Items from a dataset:
*** Block opens ***

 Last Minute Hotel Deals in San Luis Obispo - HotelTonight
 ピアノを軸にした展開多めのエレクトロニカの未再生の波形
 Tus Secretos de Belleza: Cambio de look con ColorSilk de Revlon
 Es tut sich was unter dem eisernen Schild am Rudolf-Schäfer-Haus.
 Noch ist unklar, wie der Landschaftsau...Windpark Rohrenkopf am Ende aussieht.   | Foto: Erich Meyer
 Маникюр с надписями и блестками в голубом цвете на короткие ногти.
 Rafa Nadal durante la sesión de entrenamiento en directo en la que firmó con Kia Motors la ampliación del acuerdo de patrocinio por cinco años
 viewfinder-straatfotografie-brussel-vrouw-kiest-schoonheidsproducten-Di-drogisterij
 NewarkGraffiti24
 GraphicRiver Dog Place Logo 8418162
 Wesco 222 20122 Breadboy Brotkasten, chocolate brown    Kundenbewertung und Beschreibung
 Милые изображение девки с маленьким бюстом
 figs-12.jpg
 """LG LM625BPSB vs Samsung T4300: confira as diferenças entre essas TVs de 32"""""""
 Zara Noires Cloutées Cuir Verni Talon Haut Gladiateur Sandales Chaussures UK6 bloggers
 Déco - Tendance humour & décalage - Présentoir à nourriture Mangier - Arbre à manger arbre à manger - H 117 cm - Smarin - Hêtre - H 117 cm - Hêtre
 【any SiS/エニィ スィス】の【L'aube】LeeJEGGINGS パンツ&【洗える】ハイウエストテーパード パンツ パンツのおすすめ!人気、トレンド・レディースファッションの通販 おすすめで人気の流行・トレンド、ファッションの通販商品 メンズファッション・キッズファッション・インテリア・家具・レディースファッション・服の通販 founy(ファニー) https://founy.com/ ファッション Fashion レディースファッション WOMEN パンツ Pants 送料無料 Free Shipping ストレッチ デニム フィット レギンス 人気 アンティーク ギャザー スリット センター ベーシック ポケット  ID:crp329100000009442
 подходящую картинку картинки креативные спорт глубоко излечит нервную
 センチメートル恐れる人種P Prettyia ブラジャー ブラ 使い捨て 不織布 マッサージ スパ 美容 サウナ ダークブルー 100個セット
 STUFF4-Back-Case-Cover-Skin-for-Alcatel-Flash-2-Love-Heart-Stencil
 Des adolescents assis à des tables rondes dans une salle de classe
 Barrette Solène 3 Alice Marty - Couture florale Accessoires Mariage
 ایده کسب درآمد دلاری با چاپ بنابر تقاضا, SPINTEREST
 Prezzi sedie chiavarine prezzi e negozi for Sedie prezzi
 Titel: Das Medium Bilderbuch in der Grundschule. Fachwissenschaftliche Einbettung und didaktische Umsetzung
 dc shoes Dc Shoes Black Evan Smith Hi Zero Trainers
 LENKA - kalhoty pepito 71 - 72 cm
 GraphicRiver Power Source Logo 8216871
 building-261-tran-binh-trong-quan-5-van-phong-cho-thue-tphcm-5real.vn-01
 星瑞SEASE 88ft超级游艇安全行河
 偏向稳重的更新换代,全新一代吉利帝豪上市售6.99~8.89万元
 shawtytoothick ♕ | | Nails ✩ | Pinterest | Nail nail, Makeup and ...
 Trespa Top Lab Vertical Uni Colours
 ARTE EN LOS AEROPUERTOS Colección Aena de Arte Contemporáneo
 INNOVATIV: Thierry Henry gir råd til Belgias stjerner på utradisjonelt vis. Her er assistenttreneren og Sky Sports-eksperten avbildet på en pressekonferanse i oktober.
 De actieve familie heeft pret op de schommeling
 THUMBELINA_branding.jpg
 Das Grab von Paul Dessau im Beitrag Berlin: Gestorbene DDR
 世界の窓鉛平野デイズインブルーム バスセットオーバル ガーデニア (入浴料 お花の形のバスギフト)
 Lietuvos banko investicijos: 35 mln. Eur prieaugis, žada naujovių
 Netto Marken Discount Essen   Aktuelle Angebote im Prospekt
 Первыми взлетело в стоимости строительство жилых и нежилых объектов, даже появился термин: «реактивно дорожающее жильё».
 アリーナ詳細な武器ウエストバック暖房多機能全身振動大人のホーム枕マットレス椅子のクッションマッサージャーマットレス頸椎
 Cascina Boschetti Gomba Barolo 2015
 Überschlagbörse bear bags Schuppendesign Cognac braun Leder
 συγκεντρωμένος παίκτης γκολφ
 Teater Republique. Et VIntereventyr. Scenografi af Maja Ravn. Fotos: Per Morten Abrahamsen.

*** Block closes ***

Nothing but the lines from the start of the data above through the line with "Zara Noires Cloutées" should appear in your answer, copied exactly.

• [Written solution]
 Last Minute Hotel Deals in San Luis Obispo - HotelTonight
 ピアノを軸にした展開多めのエレクトロニカの未再生の波形
 Tus Secretos de Belleza: Cambio de look con ColorSilk de Revlon
 Es tut sich was unter dem eisernen Schild am Rudolf-Schäfer-Haus.
 Noch ist unklar, wie der Landschaftsau...Windpark Rohrenkopf am Ende aussieht.   | Foto: Erich Meyer
 Маникюр с надписями и блестками в голубом цвете на короткие ногти.
 Rafa Nadal durante la sesión de entrenamiento en directo en la que firmó con Kia Motors la ampliación del acuerdo de patrocinio por cinco años
 viewfinder-straatfotografie-brussel-vrouw-kiest-schoonheidsproducten-Di-drogisterij
 NewarkGraffiti24
 GraphicRiver Dog Place Logo 8418162
 Wesco 222 20122 Breadboy Brotkasten, chocolate brown    Kundenbewertung und Beschreibung
 Милые изображение девки с маленьким бюстом
 figs-12.jpg
 """LG LM625BPSB vs Samsung T4300: confira as diferenças entre essas TVs de 32"""""""
 Zara Noires Cloutées Cuir Verni Talon Haut Gladiateur Sandales Chaussures UK6 bloggers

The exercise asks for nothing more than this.